Trinity seeks ‘ordinary’ letters relating to 1916 events

Letters project aims to create digital collection

Eileen Corrigan  with her mother and  father. Photograph: Trinity College, Dublin

Eileen Corrigan with her mother and father. Photograph: Trinity College, Dublin

Wed, Sep 25, 2013, 01:00

Like any young student caught up in momentous, violent events, Eileen Corrigan was anxious lest her parents were worried about her welfare.

It was Monday, April 24th – Easter Monday, 1916 – and bullets were flying around Dublin city centre. Eileen arrived from Belfast that evening to sit her exams in the Trinity College examination hall over the next two days, and thought it best to drop a note home.

“Just a line to let you know I arrived safely, in case the papers should make you anxious,” she wrote to her parents. Her father was the Rev William Corrigan, minister at the Green Road Methodist Church in fashionable Knock, a part of east Belfast. The little postcard was sent from Eileen’s digs at the Young Woman’s Christian Association in Rathmines.

“All communication is stopped from Dublin”, she continued, “but a lady promised to post this to-morrow from the North. Everything will probably be all right to-morrow, as the military are coming from Curragh.”

The card was signed “With love Frog”, presumably a pet name for the young woman.

Eileen Corrigan was one of just four women students who sat their exams as rebellion and counter attack swirled about outside Trinity’s walls. They were rewarded with lunch in Provost Mahafy’s house hosted by his wife, Frances Letitia.

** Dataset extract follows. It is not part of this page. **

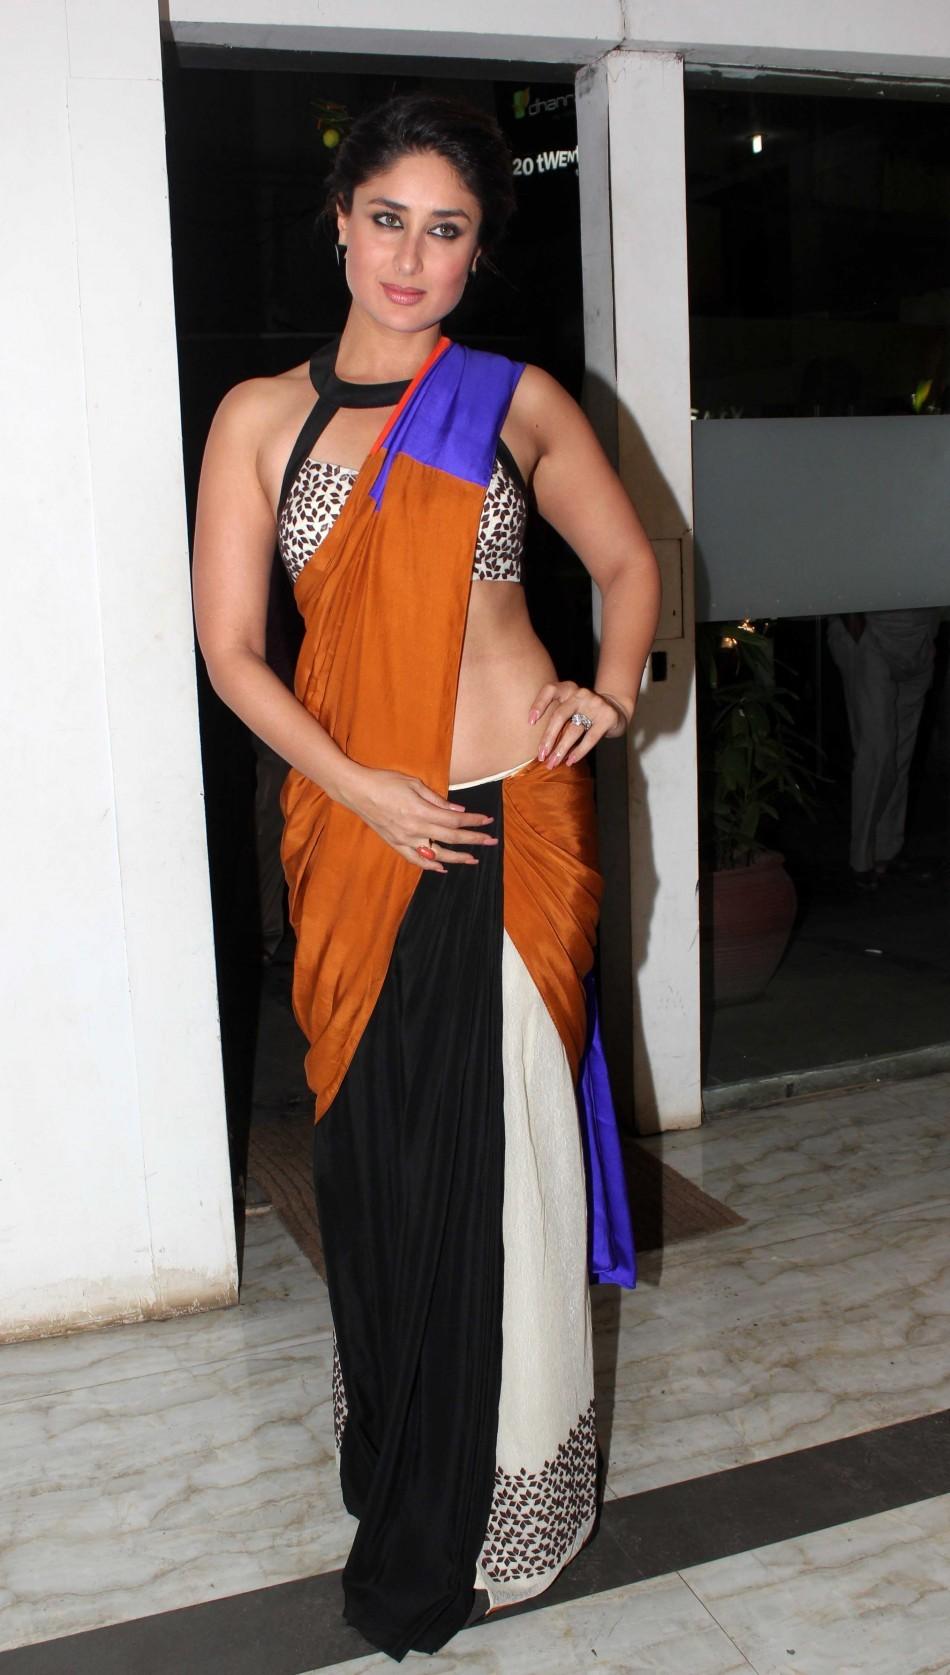 Kareena Kapoor Graces Filmfare Cover In Mini Skirt Looks Glamorous At Magazine Launch Event
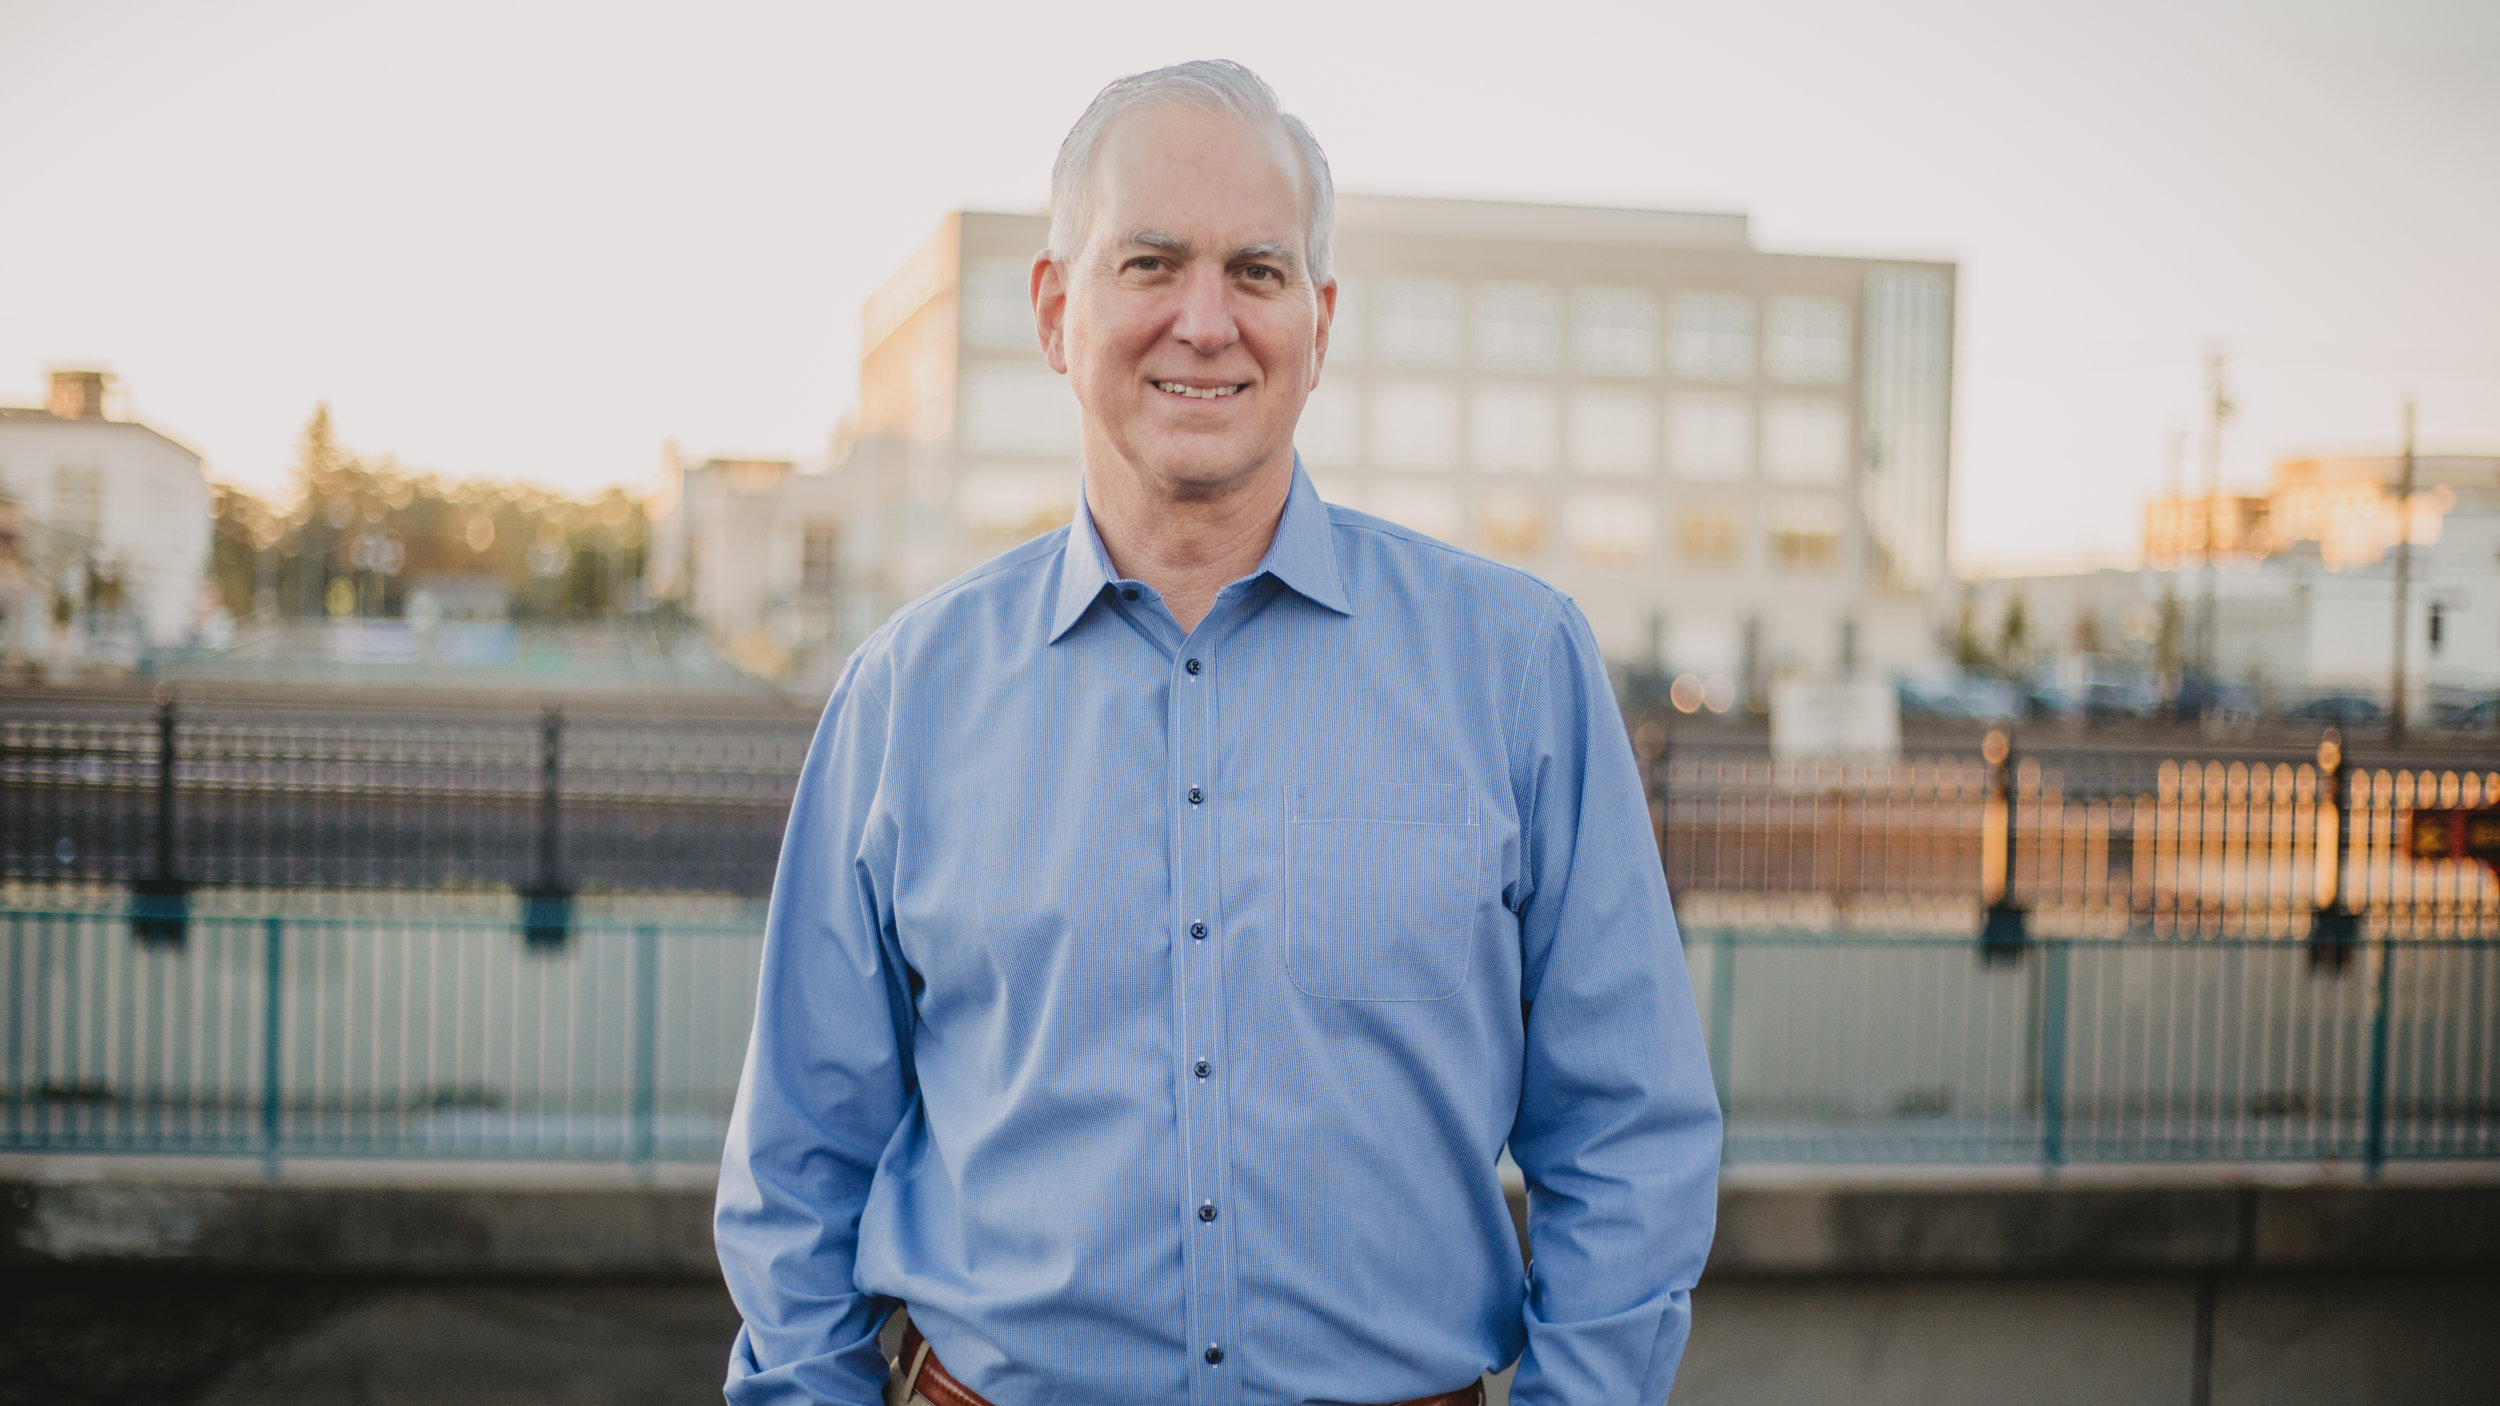 Kent J. MacDiarmid - Owner & President

Eileen passed Tuesday’s written exam and Wednesday’s oral. She graduated in 1917 and became a teacher. She spent time in Scotland and died in 1993.

Recollection of Rising
Before she died, however, she gave some papers to her old alma mater, describing in detail her recollection of that traumatic week in Ireland’s history. The value of her note to her parents is that it records the reaction of an ordinary person, as opposed to a participant, to the dramatic events of the Rising. It is exactly what Trinity hopes there is more of – in drawers, shoeboxes or perhaps the attics of families all over the country and perhaps further afield.

The Letters of 1916, “the first public humanities project in Ireland”, aims to create a crowd-sourced digital collection of letters written around the time of the Easter Rising, from November 1st 1915 to October 31st 1916. The project will be launched on Friday with a Discover Research Night from 6pm to 10pm at the Long Room Hub in Trinity.

People are invited to bring with them any letters they have relevant to 1916 events during the specified period. They will be assessed by archivists and the owners advised how best to preserve them. Already some 400 letters have been given to the archive by public institutions, including the National Library of Ireland, the National Archives of Ireland, TCD and University College Dublin, as well as the Medical Missionaries of Mary.

‘New perspectives’
“Allowing letters from personal collections to be read alongside official letters and letters contributed by institutions will add new perspectives to the events of the period and allow us to understand what it was like to live an ordinary life through what were extraordinary times,” says Dr Susan Schreibman, of the School of English at TCD, the project’s principal investigator.

Through these letters, she said, the digital archive would aspire to bring to life the last words, the unspoken words and the forgotten words of ordinary people during this “formative period” in Irish history.

“All too often our emphasis is on the grand narrative, focusing on key political figures. But as we approach the centenary of the Easter Rising we want to try to get a sense of how ordinary people coped with one of the most disruptive periods in contemporary Irish history – from loved ones serving in the British Army and Dublin itself becoming a theatre of war, to the business of State carried out by Government.”